Message  Yeoman 35 le Jeu 28 Mai 2009, 7:02 pm

LE CERCLE DES INTIMES

Je vous prie tout d'abord de bien vouloir m'excuser mais je me suis efforcé de rassembler quelques souvenirs sur ce film à caractère historique que j'ai plutôt apprécié il y a quelques années.

Réalisation : Andreï Konchalovski
Année : 1991
Distribution : Tom Hulce (Ivan Sanchine), Feodor Chaliapine (Pr. Bartnev), Alexandre Zbruev (Staline),
Lolita Davidovitch (Anastasia Sanchine), Bo Hoskins (Laventi Beria)

L'histoire
Ivan Sanchine, petit projectionniste à Moscou, communiste convaincu, vit modestement mais paisiblement avec son épouse Anastasia. Seulement, un soir, il est appelé d'urgence au Kremlin pour réparer l'appareil de projection privé de... Joseph Staline en personne. En effet, celui-ci aime se réunir tard avec ses plus proches collaborateurs (devrai-je dire vassaux oui gri ), Kalinine, Molotov, Beria et d'autres, afin de visionner quelques film du choix du dictateur (authentique*), dont un western américain d'ailleurs. Sanchine, déjà auparavant plus que fidèle au régime, devient alors un protégé de Staline qui exerce alors une diabolique fascination sur lui. L'engrenage se révèle si diabolique pour le petit projectionniste qu'il finit par n'avoir plus aucune considération pour tout ce qui l'entoure. Il perd progressivement le sens des réalités, mais aussi sa femme Anastasia qui finit par se suicider du fait du manque de considération de son mari.

Mes impressions

Le jeu de Tom Hulce (Mozart dans le film eponyme de Milos Forman) nous montre presque à la perfection comment un homme peu de devenir prisonnier d'une façon perverse d'un dictateur. Autrement, tout le contexte historique est très bien travaillée entre les impressions de la terreur constante (une scène d'arrestation menée par le NKVD est plutôt réussie), le culte de la personnalité (le portrait de Staline affichée sur un dirigeable au-dessus de la Place Rouge et constamment éclairé la nuit) et les personnages historiques. Alexandre Zbruev est très convaincant en Staline rusé et manipulateur.
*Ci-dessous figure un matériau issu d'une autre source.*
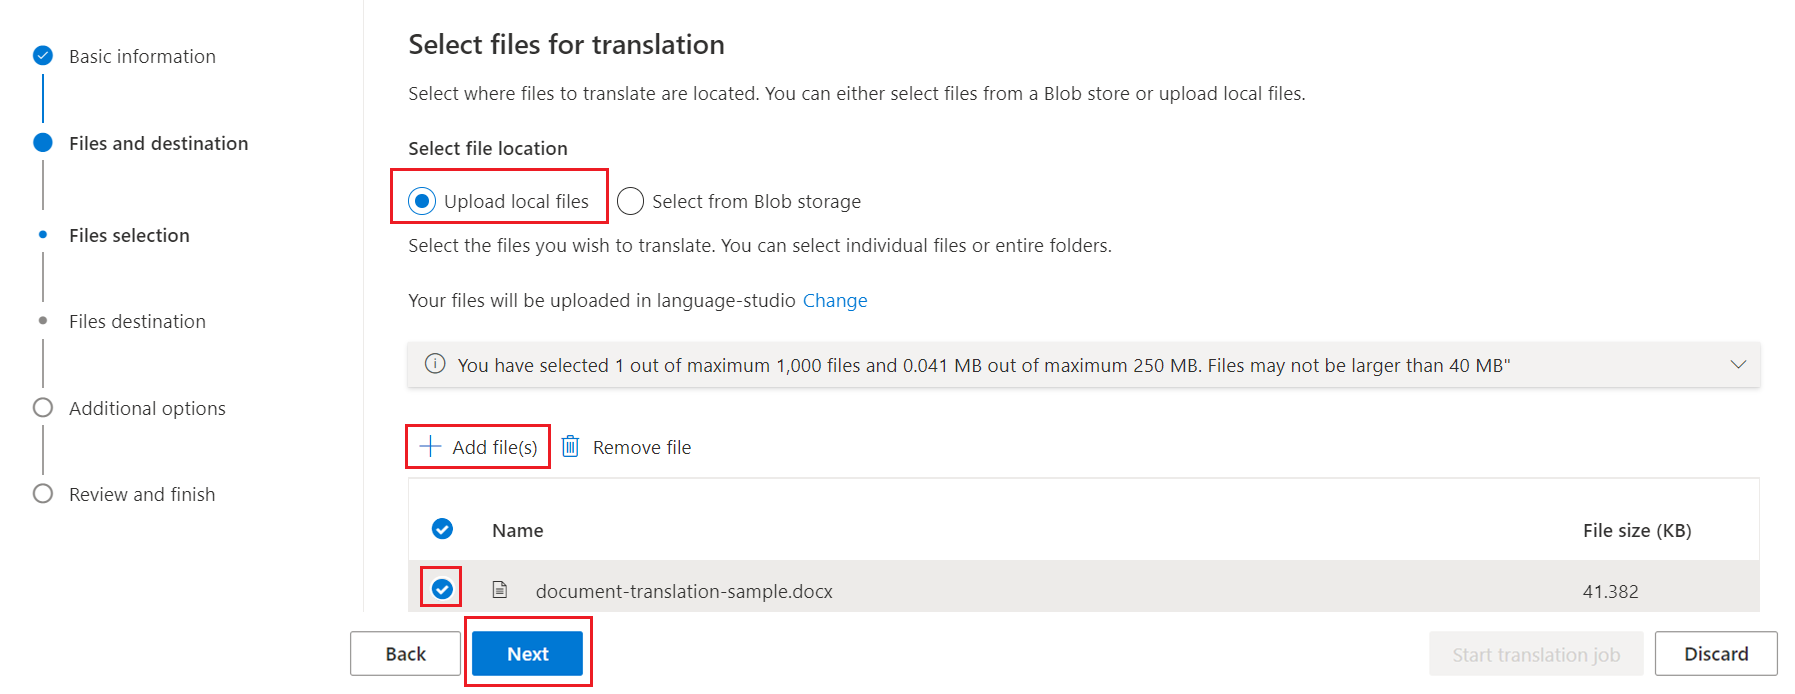 Képernyőkép a fordításhoz szükséges fájlok kiválasztásáról.

Idem pour Bo Hoskins en Beria, valet docile et zélé. Enfin, une scène plutôt bien réussie qui montre bien ce que pouvait être l'atmosphère au Kremlin pendant les moments de détente; celle où l'on voit tous les proches convives de Staline complètement ivres (Kalinine très réussi) lorsque Sanchine arrive pour réparer la machine de projection.